Where did all the human beings go?

What a crazy world we live in ... I've said it a million times. Lately, I've been trying to understand just what makes it so crazy. I think it can all be boiled down to a lack of humanness. We see celebs and the rich and famous going all out for "humanitarian efforts", but I don't even know the names of my neighbors. It makes me sad when I walk into the grocery, pass someone, and they won't even acknowledge that they have come within a few feet of another human being. We're all suffering here, trying to get from one day to the next without it all falling apart and becoming meaningless. And I must lump myself into the "all", knowing that it is such a frightening thing to put yourself out there and allow yourself to be emotionally touched. Worse is to reach out and find the reception cold. We're all so lonely in this world. Have you seen the emptiness in people's eyes? I wonder at those who know Christ, and still feel such emptiness. Why? I think that God created us for interaction and interdependence. But it has become such a stigma to NEED anyone or anything ... except maybe coffee! What if we were all a little more needy? What if my focus today was reaching out to someone in need? I'm not talking about the person on the corner who is beggin for money. That is a different kind of need. I'm talking about my sons, when they've had a bad day but don't want to show it. It isn't "cool" for a teenager to be effected anymore. Truly, it isn't "cool" for any of us to feel anymore. My question is ... where did all the human beings go? Emotion is a part of our humanness. It is time we used emotion to bring glory to the God who created us.

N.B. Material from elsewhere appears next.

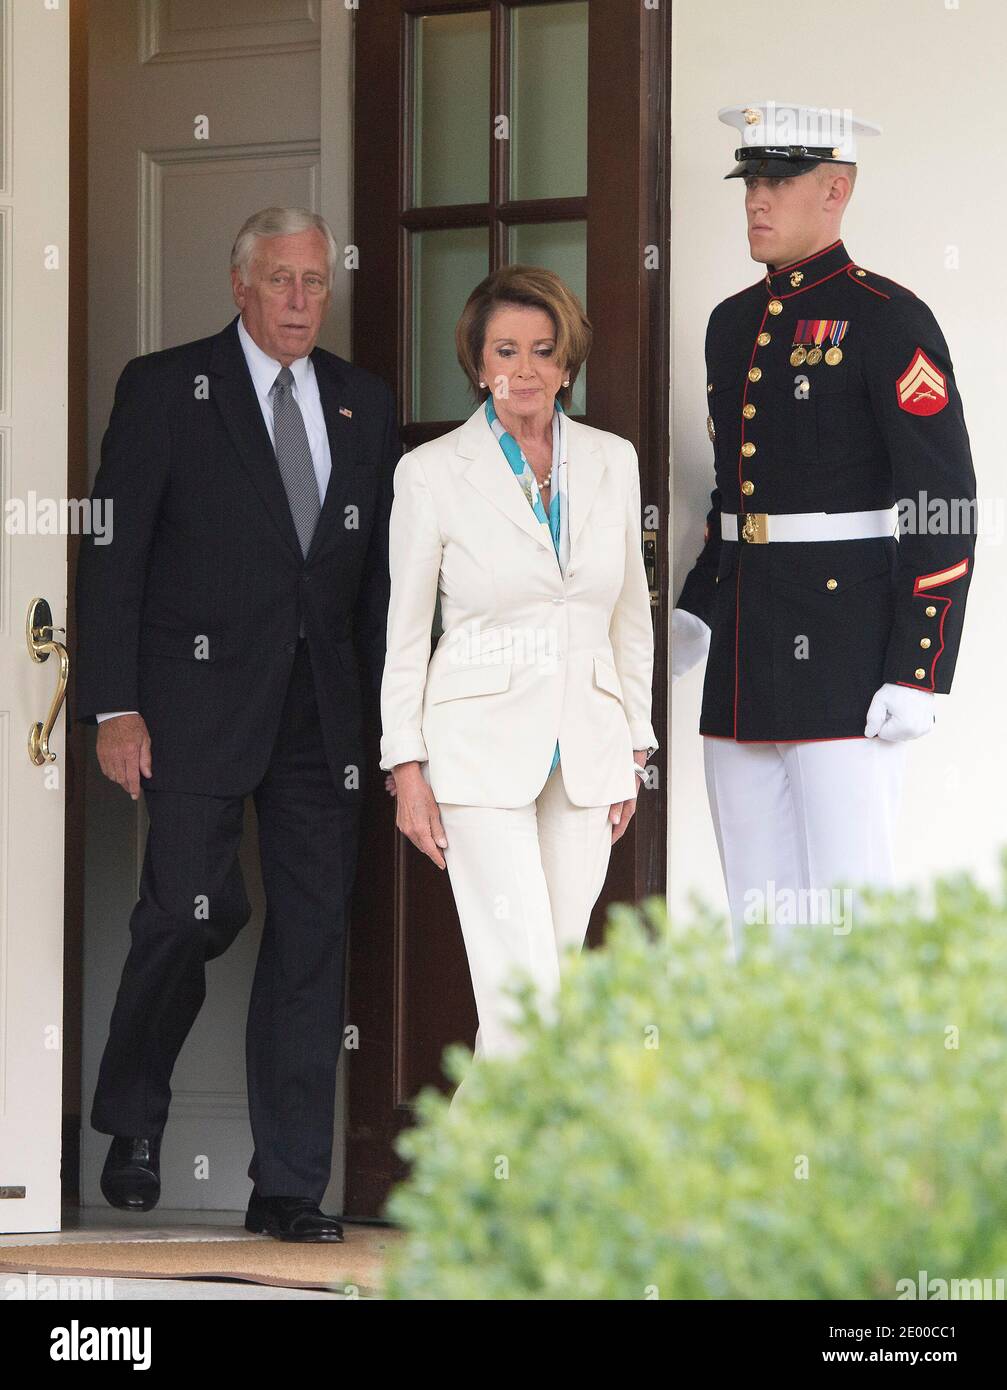 United States House Democratic Leader Nancy Pelosi (Democrat of California), and U.S. House Democratic Whip Steny Hoyer (Democrat of Maryland), depart the White House following their meeting with U.S. President Barack Obama in Washington, D.C. on Tuesday, October 15, 2013. Washington, DC, USA, October 15, 2013. Photo by Ron Sachs/CNP/ABACAPRESS.COM Stock Photo

I'm ready to give this reconnecting thing a try, but there is a flaw. I've always carried my emotions close to the surface. You can hurt me. Anyone can hurt me. I don't like admitting the fragile side, because strength has always been a virtue for me. Maybe weakness, a point where hurt can enter, is not, however, "weakness". Maybe, just maybe, real strength comes from putting the weakness forward, getting slammed over and over again, and being able to keep it all in perspective. Maybe that is true strength. And perhaps the way to keep it all in perspective is to trust in the wisdom God promises ... wise responses to the growth of relationships.

It all sounds good here ... Courage!

2 comments:

  1. oh. oh. oh. i SO hear you, and i feel much the same way a lot of the time. it takes more courage than i have right now to feel, to "be" and to really connect with other human souls. i want to be known as vulnerable. there is such an incredible strength in admitting weakness.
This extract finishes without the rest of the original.